EL SEGUNDO, Calif. — The journey from championship titles to a toxic sense of entitlement can be a short one.

For the Los Angeles Kings, the journey took five years, from winning their second Stanley Cup in 2014 to last season’s absolute debacle: Getting coach John Stevens fired after 13 games, and then shrugging their way to a 31-42-9 record, their worst performance in 11 years.

When general manager Rob Blake met with his veteran players during last season’s spiral into mediocrity, he realized the concept of “entitlement” was a reoccurring motif.

“It was the entitlement that they could just turn it on when they needed to. Not so much that they were entitled to, say, take five games off. It was more like if they weren’t playing well, they just assumed they’d start playing well. And then they didn’t,” Blake told ESPN last week.
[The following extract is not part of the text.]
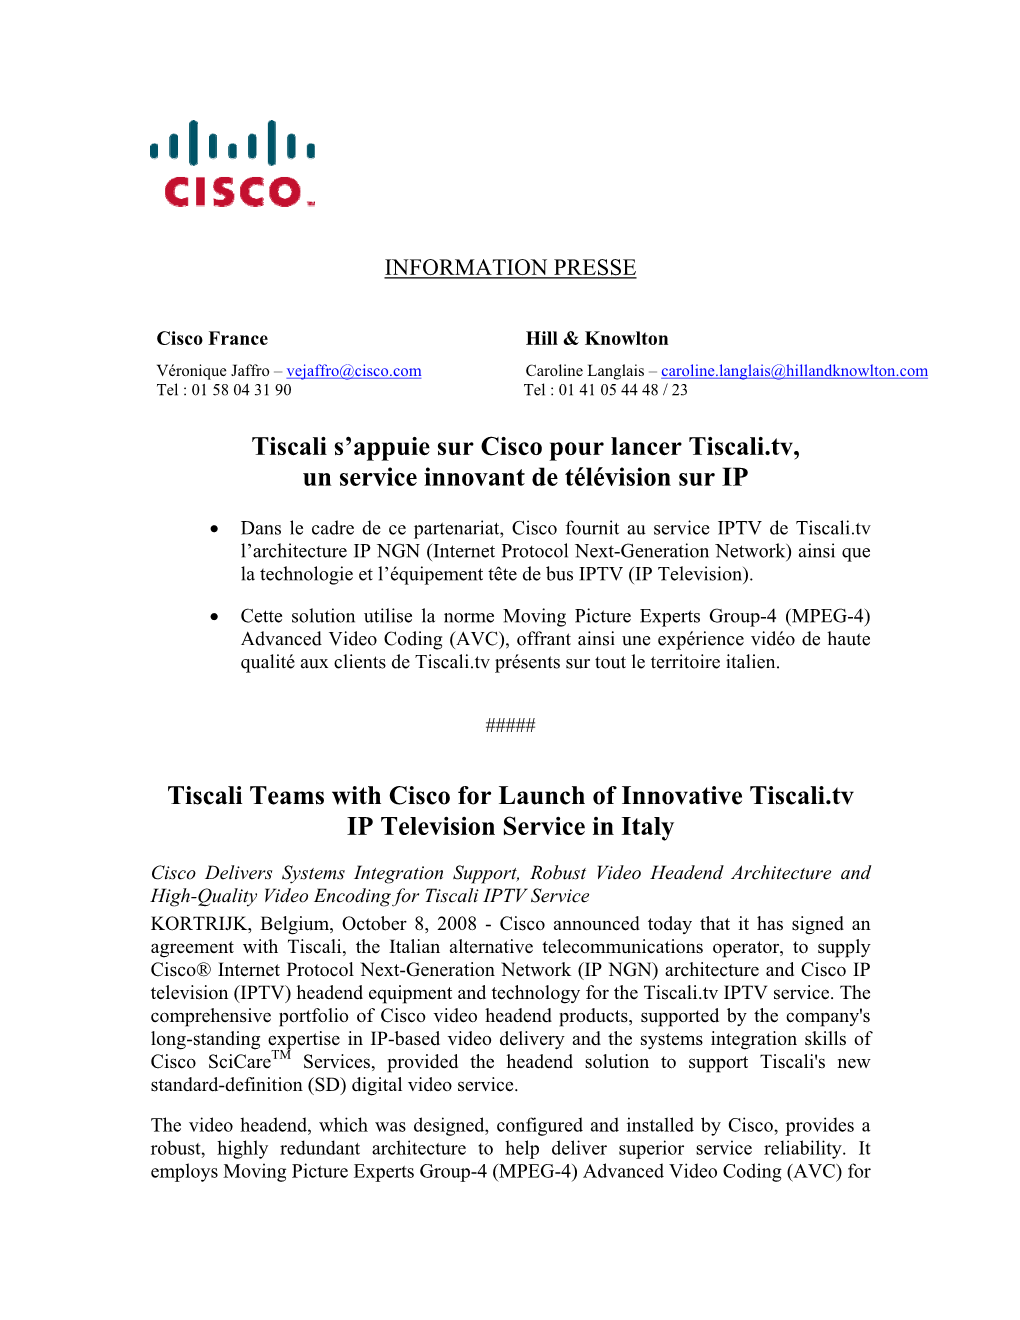 Tiscali Teams with Cisco for Launch of Innovative Tiscali.Tv IP Television Service in Italy

That mindset might seem disadvantageous, but it was an understandable part of the Kings’ makeup. This was the team that rolled to a Stanley Cup out of the No. 8 seed. This was the team that rallied from a 3-0 deficit to eliminate the San Jose Sharks. In the past, they could simply conjure that ability to overcome adversity and right the ship.

“They thought they had that in them. But unfortunately, it wasn’t in them,” Blake said. “I don’t know if ‘entitlement’ is the right word. It was more like ‘don’t worry, we’ll get better.’ And then it never got better. It wasn’t until the whole season didn’t go well that they realized they didn’t have that anymore. It took that long for them to figure it out.”

Figure what out, exactly?

“That they have to be a lot more open-minded to a different style of play, a different structure in play. The game has changed quite a bit from those days,” Blake said.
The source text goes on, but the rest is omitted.